I looked over at the living room. I watched Mom sleeping.
“Does Mom know?”
“I’m going to tell her soon.”
“I gotta go now.”
“I love you.”
I put the phone back on the couch and Mom groaned and shifted under the blanket. I turned the TV to another channel and turned the volume up.
I went back into the kitchen. More ants crawled around since I left. They thought it was safe. That the crumbs were for the taking. I began smacking the cabinet, feeling their tiny bodies stick to my palm.
“What are you doing out there?” Mom said.
“Killing ants.”
She came out holding the phone and sat at the table. My hand looked like a glue trap for the ants. They scurried away from me faster after I killed another one. Mom watched me slaughter them.
“Who was on the phone?”
I looked at the ants on my hand. “No one.”
“Was it him?” she said.
“What’s for dinner?”
“Did he say where he was?”
I grabbed a tea kettle from an overhead shelf and filled it with water. I put it on the stove and put the heat on.
“What are you doing?” Mom said.
“Getting ready to kill the ant hill outside,” I said.
“Did your dad say where he was?”
“He said he’ll call you,” I said.
The water reached a boil and the tea kettle whistled. I turned off the burner and headed for the back door.
“Did he say when he’ll call?” Mom said.
“Jesus Christ, Mom,” I said. “I don’t fucking know. He’s gone. Don’t you get that? He left you and me. He’s not going to come back. Maybe if you stopped sleeping all day, you’d understand that.”
Before I could tell her I was sorry she stood up and walked back to the living room with the phone in her hand.
“You don’t get to talk to me that way,” she said. “Ever.”
When she was gone, I headed outside.
The ant hill looked like it was moving before I got close to it. The worker ants crawled over the dirt in large formations. They covered the hill, crawling over each other and the bigger clumps of dirt. I felt the heat from the water.
I held the kettle over the hill and watched the ants go about their work. It was instinct to them. Did they understand when someone was standing over them waiting to kill them? Did instinct tell them that? I was bigger than them. It wasn’t a fair fight, but I poured the hot water onto the hill.
The hill collapsed. The dirt became wet clumps of mud. The water trickled down into the tunnels they dug and burned some and drowned the rest. The ants that managed to leave the hill before I poured the water crawled away. I stomped violently as they escaped.

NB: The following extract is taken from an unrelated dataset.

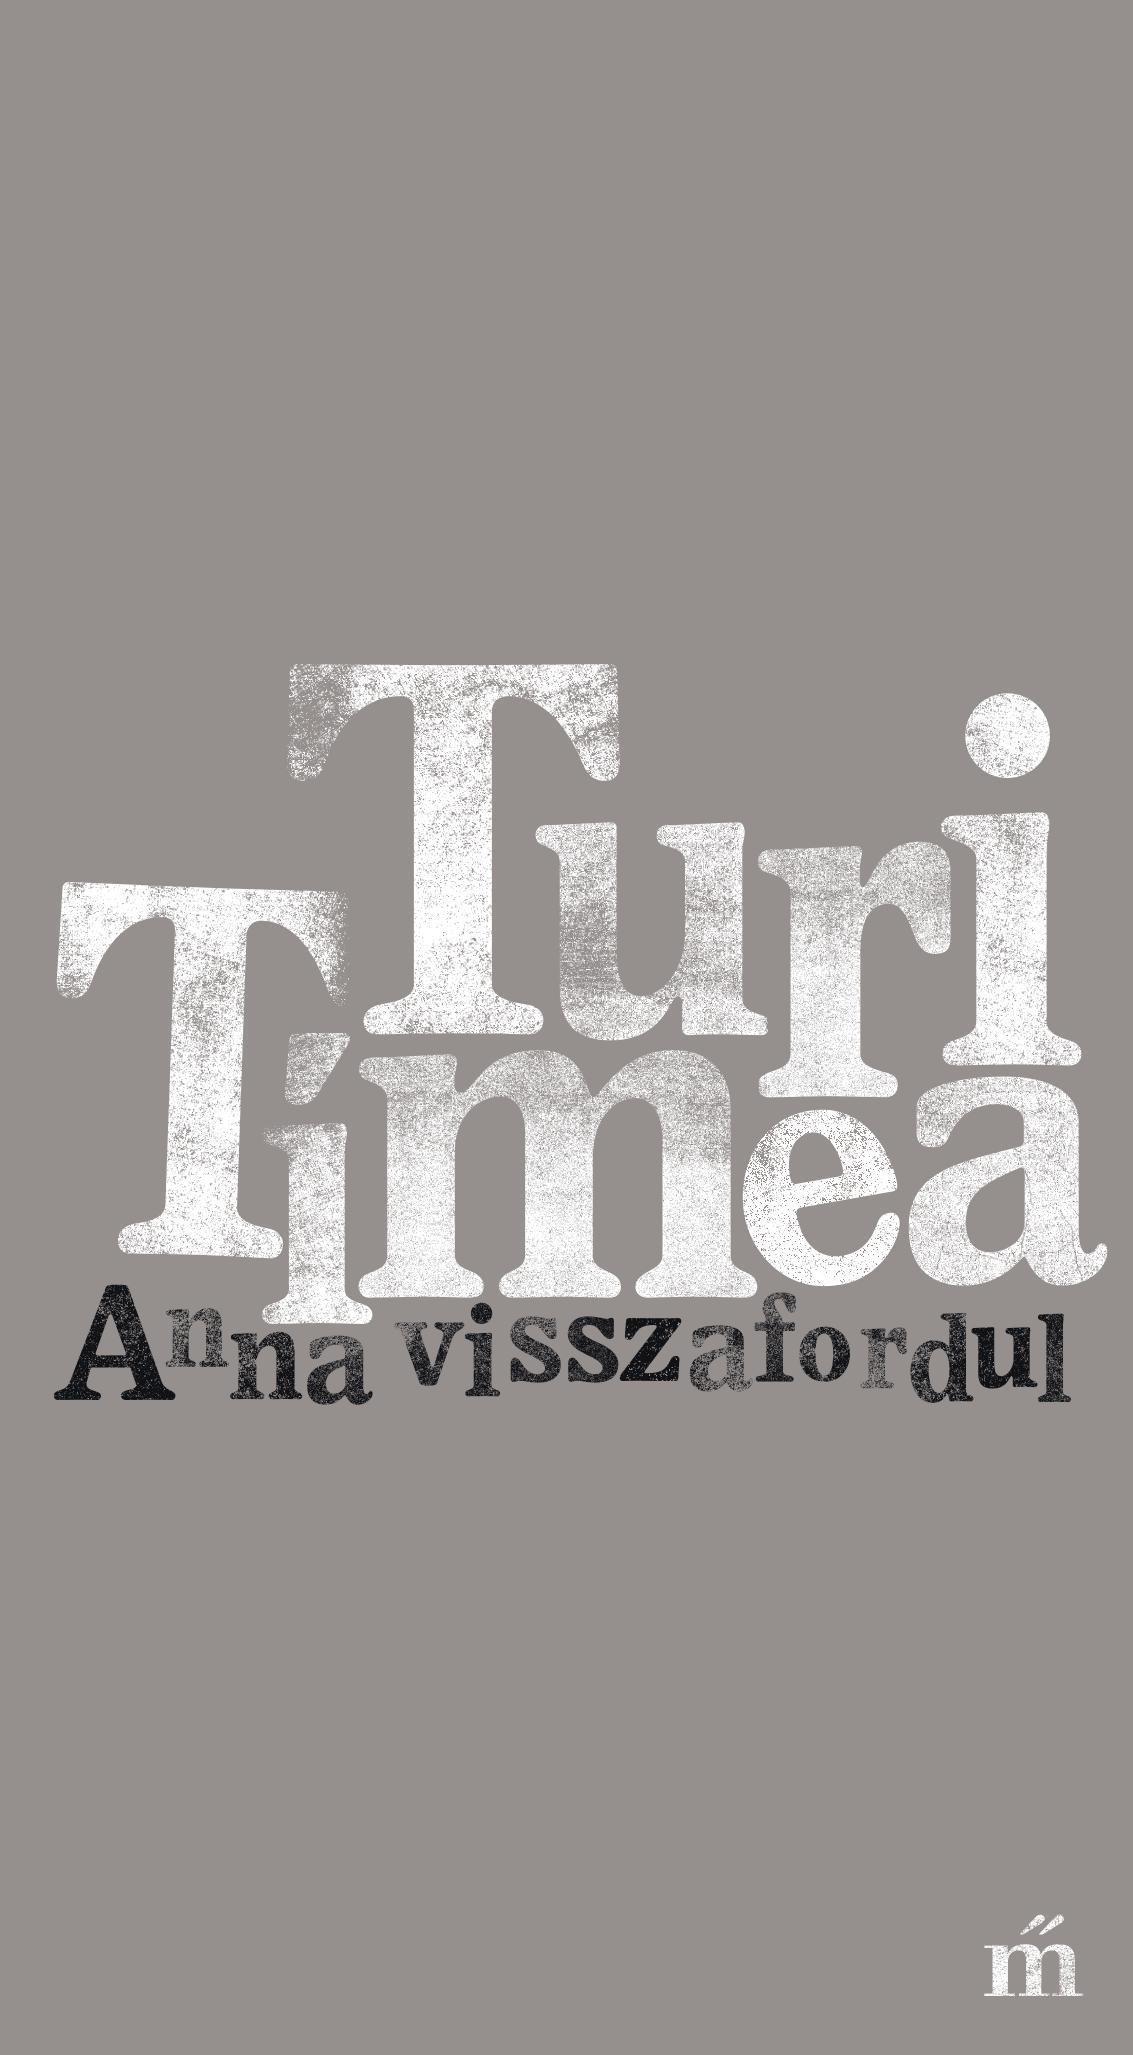 Turi Tímea - Anna visszafordul

I didn’t know what to do when I was done. The ant hill was completely sunken in and I guessed everything inside was dead. I sat on the grass and thought about my mom and dad. I pictured the hundreds of dead ants that were under me. I realized then that I only had dominion over things smaller and weaker than me. Things that could not fight back and hurt me. I thought about what Dad did to Mom, and what I said to her. We were squashing her with our palms in our own different ways.
A small puddle formed where the anthill stood. The bodies of worker ants floated in the dirty water. The queen ant waded between the smaller ones, her legs moving, grasping for something to hold onto with desperation. I scooped her up and looked at her. She wiggled her mandibles in the air and tried to crawl out of my hand. She had small clear wings that looked broken. But she was alive. I placed her down on the grass next to me and watched her crawl away with her half-broken body.
It was after dark when I finally went back inside. Mom lay on the couch half asleep watching another one of her movies. I kneeled down and hugged her until I cried into her robe.